Campomorone (Genova)

Bé, prima di tutto lasci che la ringrazi per la sua amichevole e lusinghiera premessa. Un tempo l’avrei censurata. Ma cosa vuole che le dica, caro Avellino, invecchio vieppiù e certi pudori, certi imbarazzi riesco ormai a malapena a dominarli. So bene che vanitas vanitatum et omnia vanitas, come recita l’Ecclesiaste. Ma che ci posso fare? Ciò detto prendiamo il toro per le corna, fermo restando che bisogna pur tenere conto della sentenza di un grande come Giovanni Arpino, secondo il quale ciò che avremmo sempre in testa è sì cosa importante, ma non quanto credono gl’uomini e non quanto s’illudono le donne e che si fa presto a dire «uomini» essendocene una caterva poco inclini ad apprezzare l’articolo. La giri come vuole, caro Avellino, ma l’assunto che il restante dei maschi pensi solo a quello è una delle più riuscite campagne pubblicitarie da che esiste il mondo. Favorendo - è proprio il nostro caso - il buzz marketing (fornire continue occasioni per parlare del prodotto) si consolida il brand fidelity - cioè la fedeltà al prodotto medesimo - ciò che porta all’habit buying, che è la dipendenza del consumatore. Il risultato è non solo che la richiesta e dunque la quotazione del prodotto si mantenga alta a tutto vantaggio dell’autostima femminile, ma che, consolidando la storia del chiodo fisso in testa all’uomo, le donne hanno saputo evitare che si parli del loro, di chiodo. Cosa dire, caro Avellino: chapeau! Perfino i suoi argomenti - le guaglione in baby doll - per ristabilire un certo equilibrio fra un chiodo e l’altro stanno perdendo mordente. Si registra infatti una laica e politicamente corretta santificazione del meretricio. Guadagnandosi l’ingresso nella cerchia dei benemeriti della Resistenza, l’escort ha assunto il ruolo di lume della società civile, di fiaccola delle libertà democratiche. E ora il Paese - quanto meno quello guardone e onanista che si riconosce nella gazzetta di Largo Fochetti - s’aspetta da loro, dalle escort, il botto.
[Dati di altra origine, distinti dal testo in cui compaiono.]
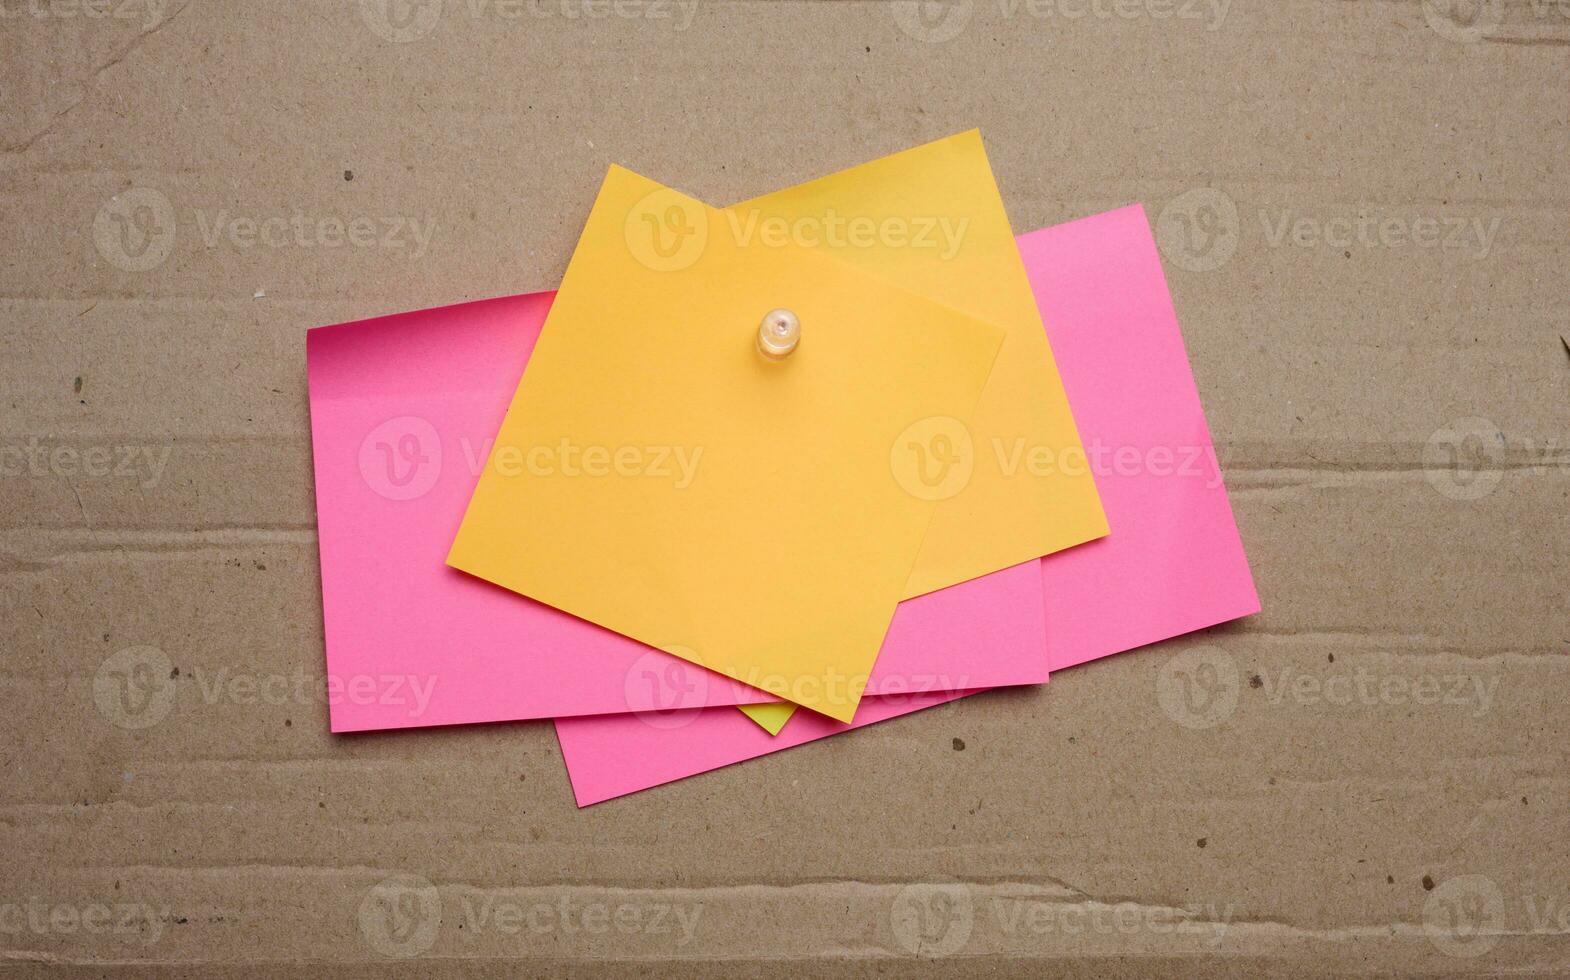 vistoso papel blanco pegatinas adjunto con un botón, espacio para notas y etiquetas foto

E cioè che facendo leva sul loro ferro del mestiere la benemerita magistratura meneghina incastri finalmente, condannandolo poi al carcere duro, Silvio Berlusconi.

La risposta alla sua domanda, caro Avellino, è dunque questa: ciò che muove la «mandria di tigri» a infilarsi nei letti e ivi procedere alla commercializzazione delle proprie grazie è l’«impegno nel sociale». Il bene della Patria. Se ne faccia una ragione.